• **The problem**
Set down a true copy of the data, with all pictures left out.

• **Provided material**
|---|
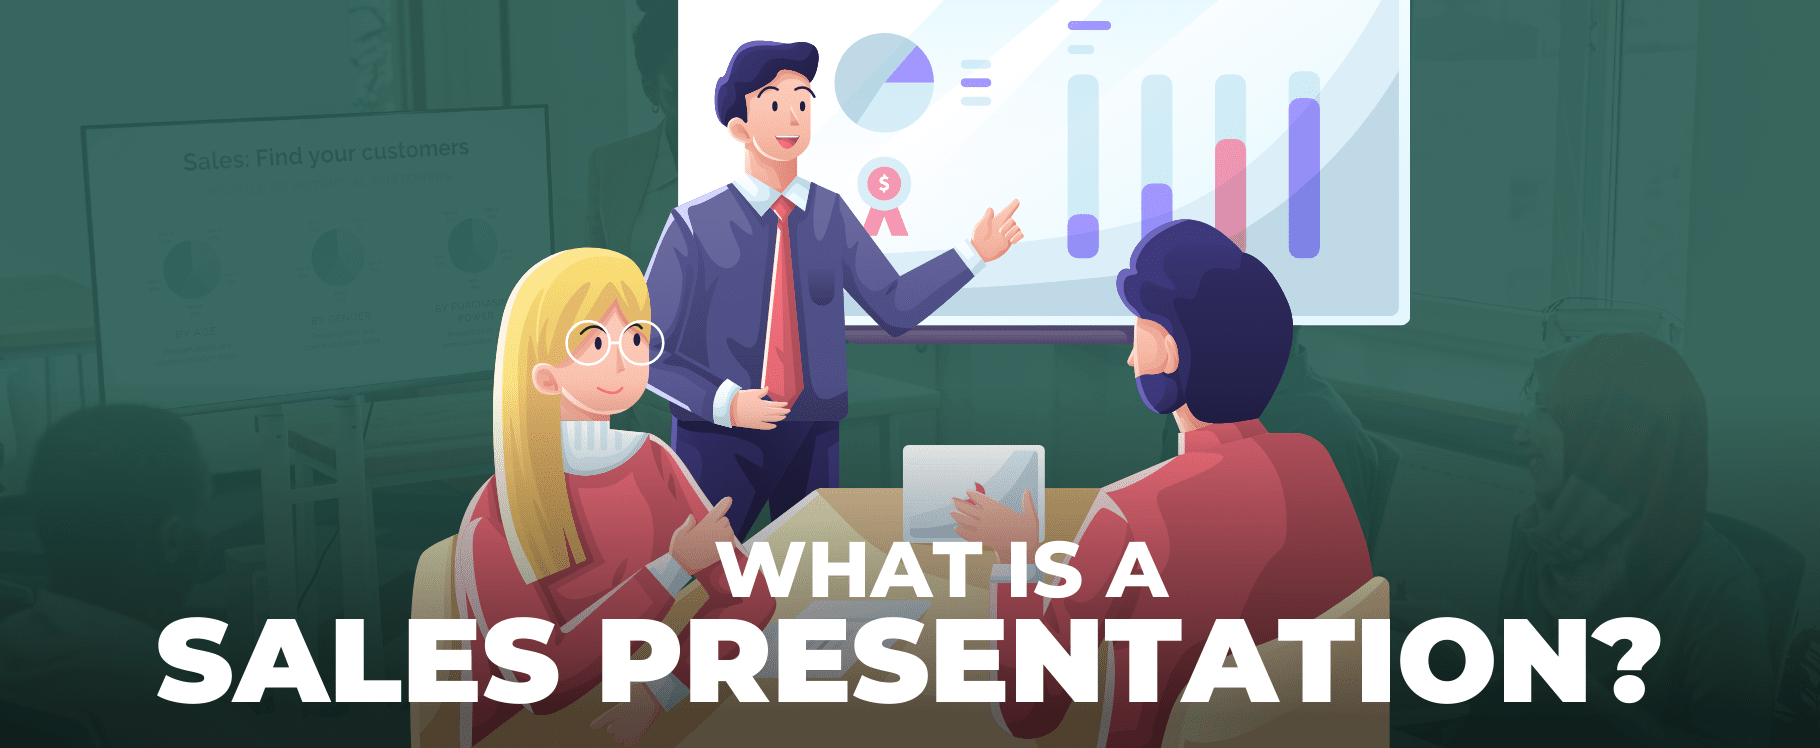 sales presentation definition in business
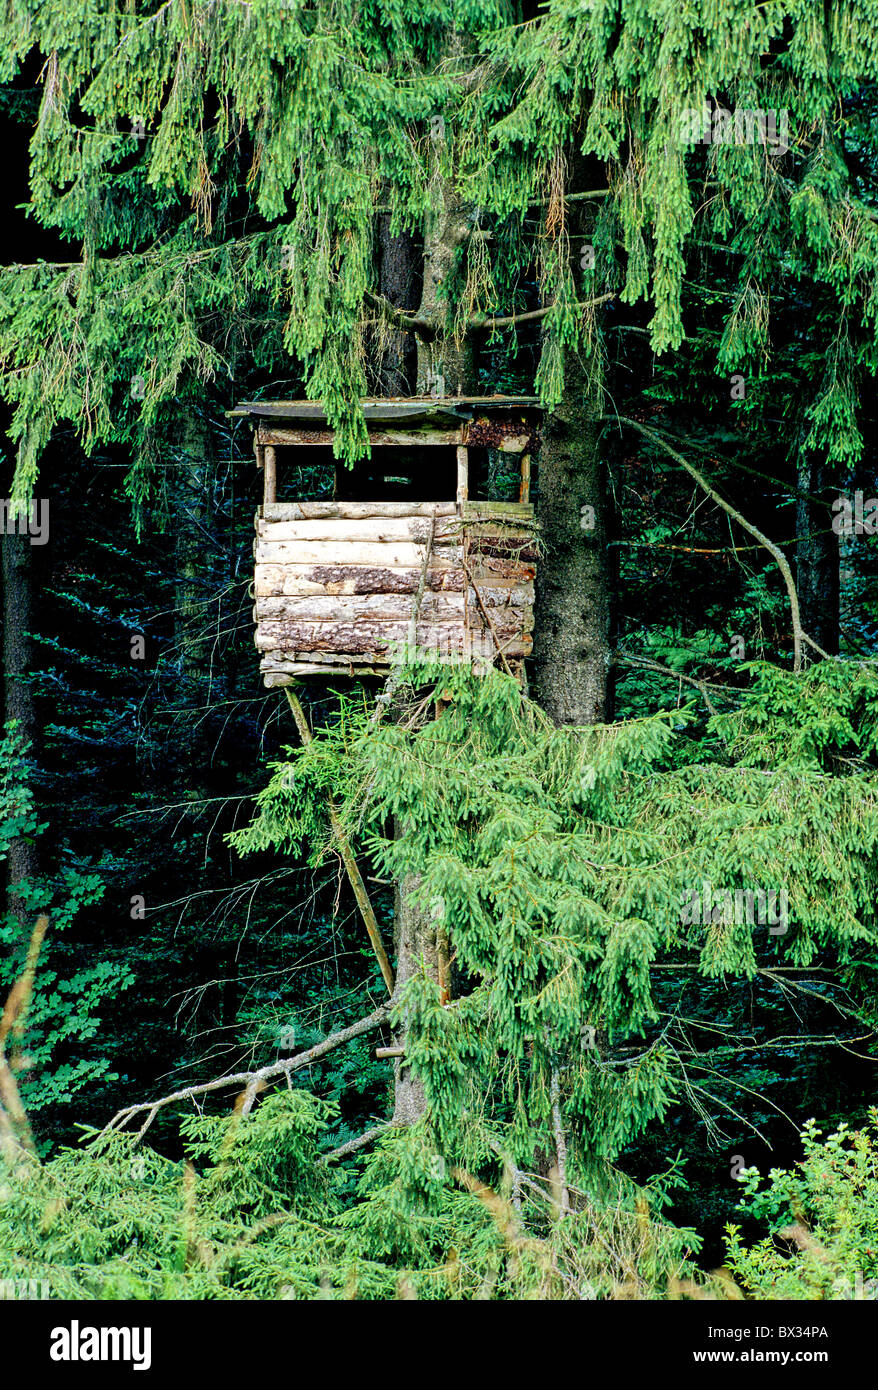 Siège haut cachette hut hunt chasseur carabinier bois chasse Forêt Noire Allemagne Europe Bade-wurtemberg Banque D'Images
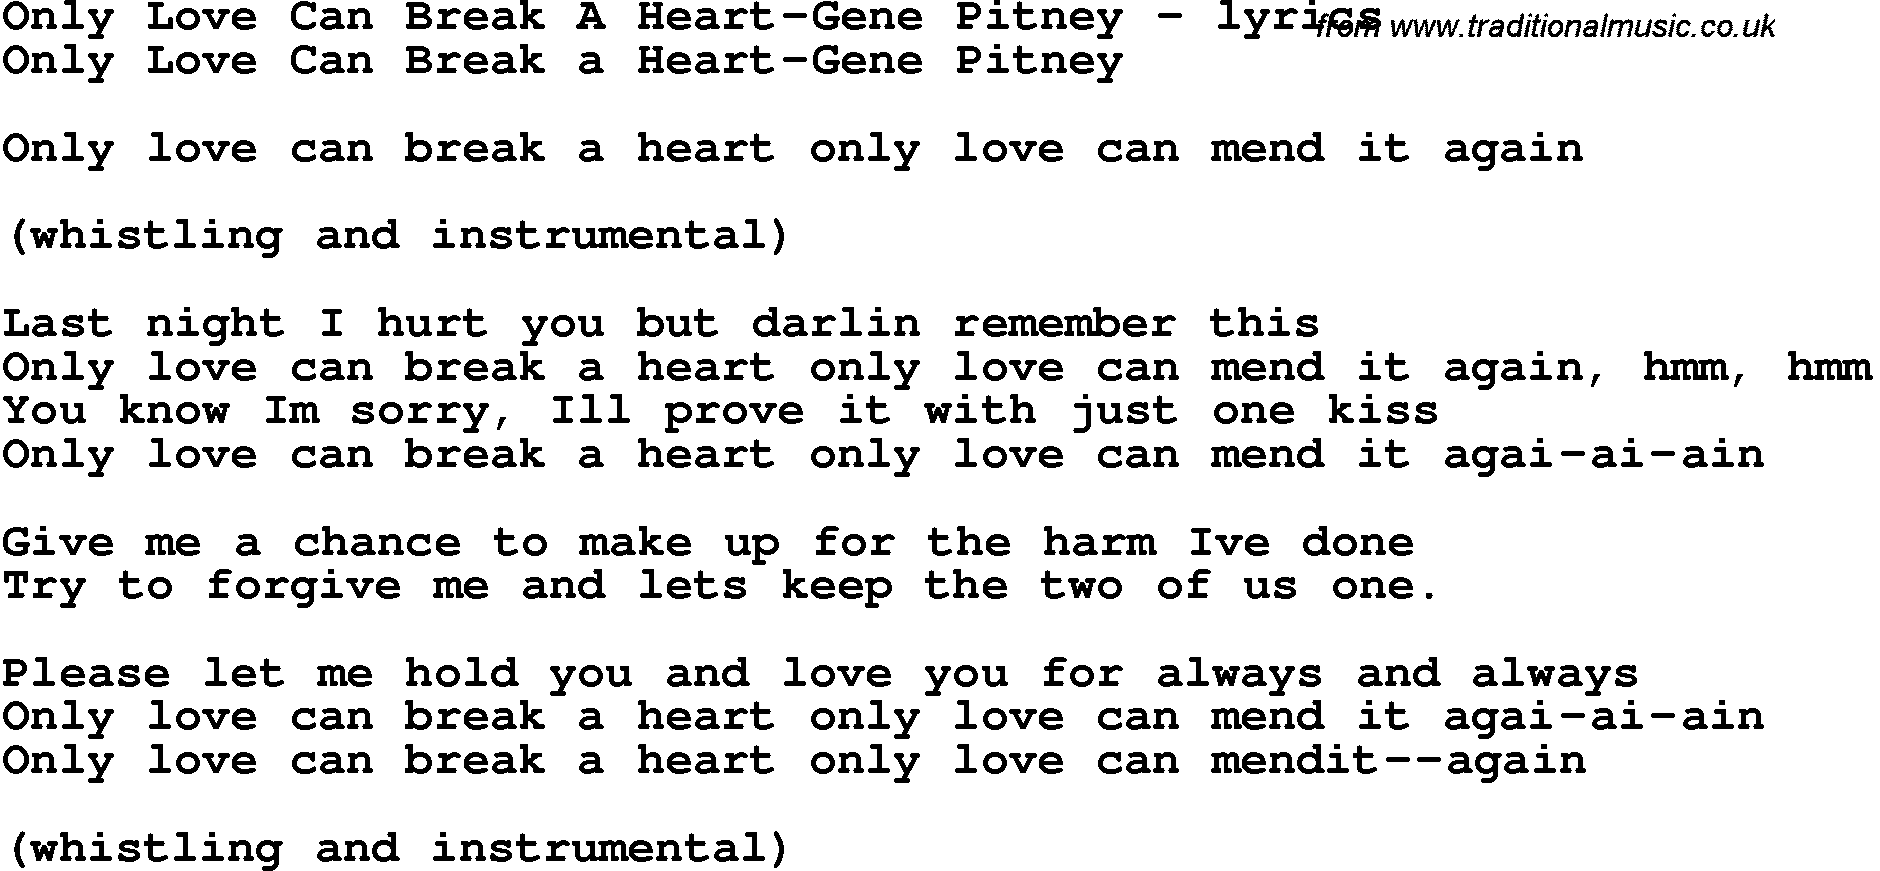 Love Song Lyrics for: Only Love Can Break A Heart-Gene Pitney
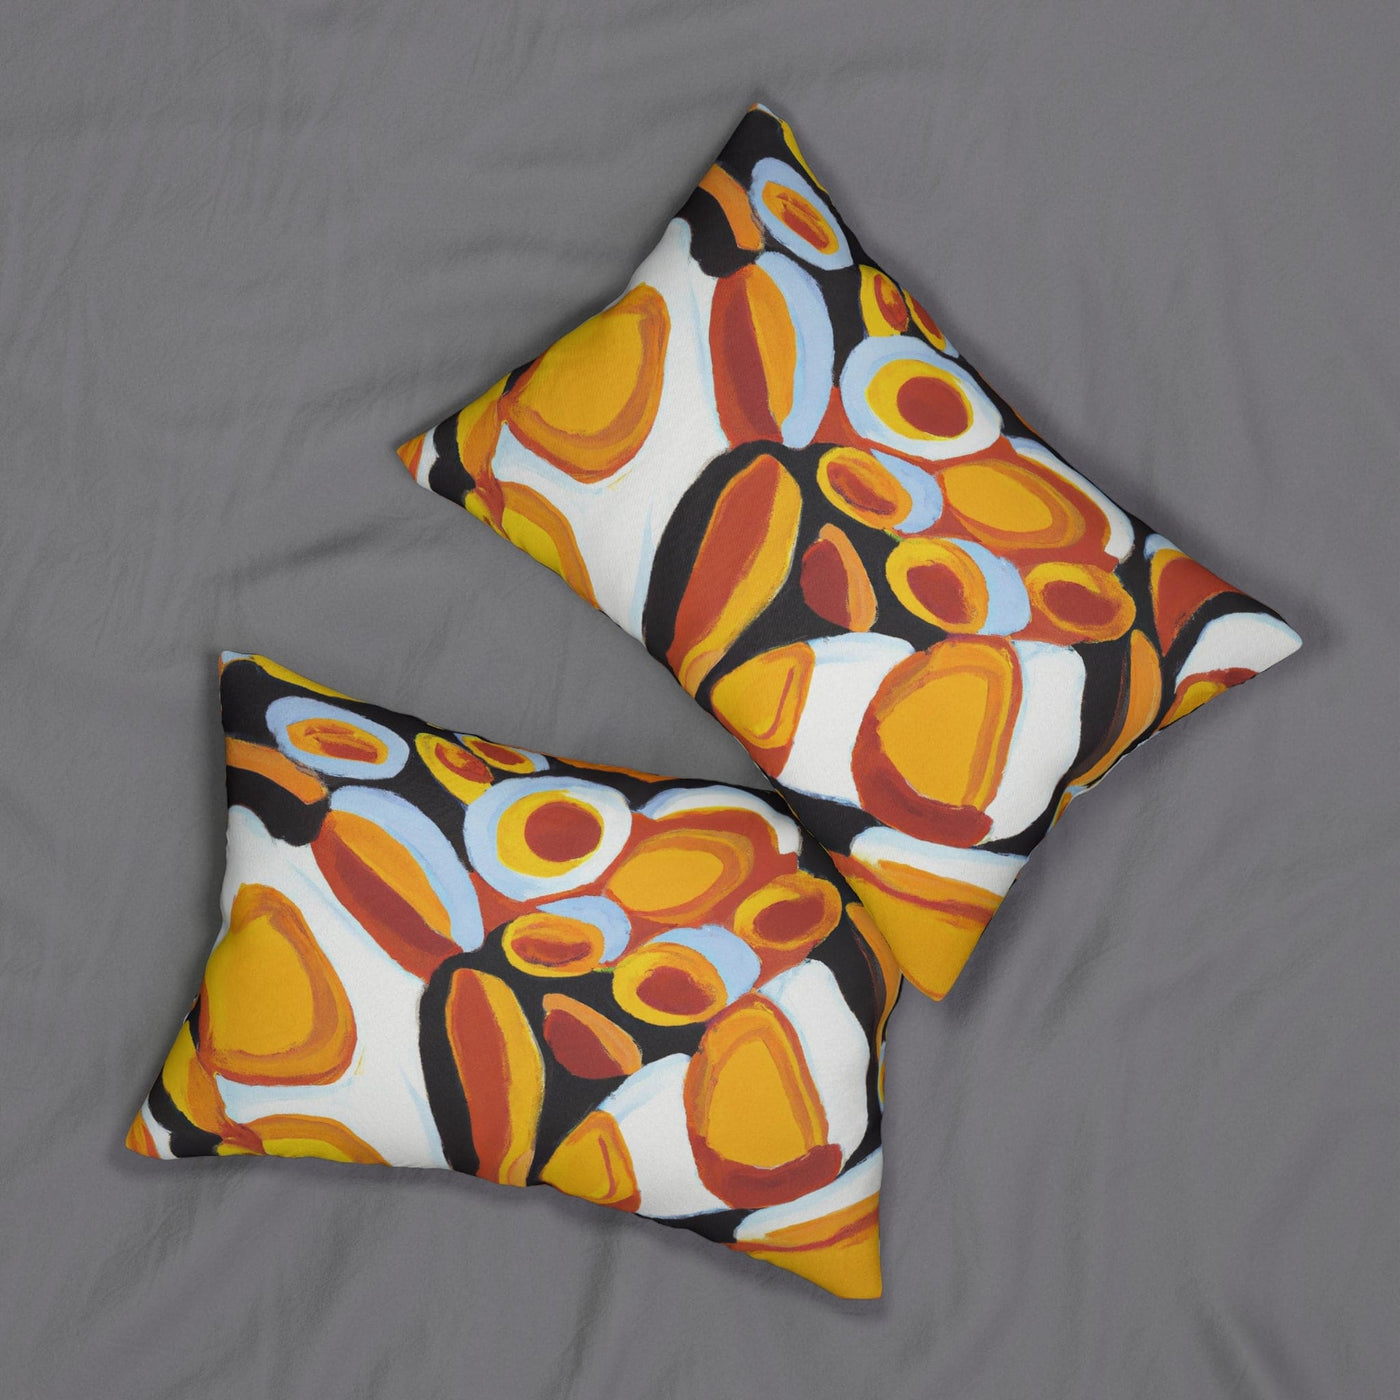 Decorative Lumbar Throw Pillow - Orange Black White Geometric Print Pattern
|---|
• **Solution to this exercise**
 sales presentation definition in business
 Siège haut cachette hut hunt chasseur carabinier bois chasse Forêt Noire Allemagne Europe Bade-wurtemberg Banque D'Images
 Love Song Lyrics for: Only Love Can Break A Heart-Gene Pitney
 Decorative Lumbar Throw Pillow - Orange Black White Geometric Print Pattern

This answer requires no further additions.